------ Records provided
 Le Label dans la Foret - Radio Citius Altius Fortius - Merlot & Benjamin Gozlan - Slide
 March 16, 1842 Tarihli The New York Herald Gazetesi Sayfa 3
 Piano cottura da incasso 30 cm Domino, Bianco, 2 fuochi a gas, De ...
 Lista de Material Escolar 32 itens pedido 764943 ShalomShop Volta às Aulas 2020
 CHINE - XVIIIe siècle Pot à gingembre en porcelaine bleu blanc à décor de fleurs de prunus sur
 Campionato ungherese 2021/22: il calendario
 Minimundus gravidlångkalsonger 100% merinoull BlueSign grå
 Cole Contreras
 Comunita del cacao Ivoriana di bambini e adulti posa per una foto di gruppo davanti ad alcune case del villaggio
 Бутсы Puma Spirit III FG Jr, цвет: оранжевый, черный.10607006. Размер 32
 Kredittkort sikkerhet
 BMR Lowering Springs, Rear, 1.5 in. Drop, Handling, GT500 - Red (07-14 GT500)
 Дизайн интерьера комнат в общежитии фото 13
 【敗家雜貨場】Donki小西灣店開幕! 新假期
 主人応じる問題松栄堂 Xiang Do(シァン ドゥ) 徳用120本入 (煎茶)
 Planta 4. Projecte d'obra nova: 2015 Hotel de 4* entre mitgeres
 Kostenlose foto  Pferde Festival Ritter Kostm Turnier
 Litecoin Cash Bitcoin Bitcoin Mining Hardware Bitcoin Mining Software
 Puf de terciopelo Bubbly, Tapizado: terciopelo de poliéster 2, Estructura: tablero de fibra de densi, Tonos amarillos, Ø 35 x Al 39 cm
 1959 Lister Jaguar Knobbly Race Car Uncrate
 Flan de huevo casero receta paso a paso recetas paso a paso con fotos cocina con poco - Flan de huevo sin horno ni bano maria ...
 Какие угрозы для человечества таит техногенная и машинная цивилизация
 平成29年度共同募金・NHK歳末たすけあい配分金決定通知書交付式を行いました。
------------
» **About this exercise**
Only the lines from the beginning of the material through the line with "CHINE - XVIIIe" should appear in the answer, each copied exactly.

» **Written response**
 Le Label dans la Foret - Radio Citius Altius Fortius - Merlot & Benjamin Gozlan - Slide
 March 16, 1842 Tarihli The New York Herald Gazetesi Sayfa 3
 Piano cottura da incasso 30 cm Domino, Bianco, 2 fuochi a gas, De ...
 Lista de Material Escolar 32 itens pedido 764943 ShalomShop Volta às Aulas 2020
 CHINE - XVIIIe siècle Pot à gingembre en porcelaine bleu blanc à décor de fleurs de prunus sur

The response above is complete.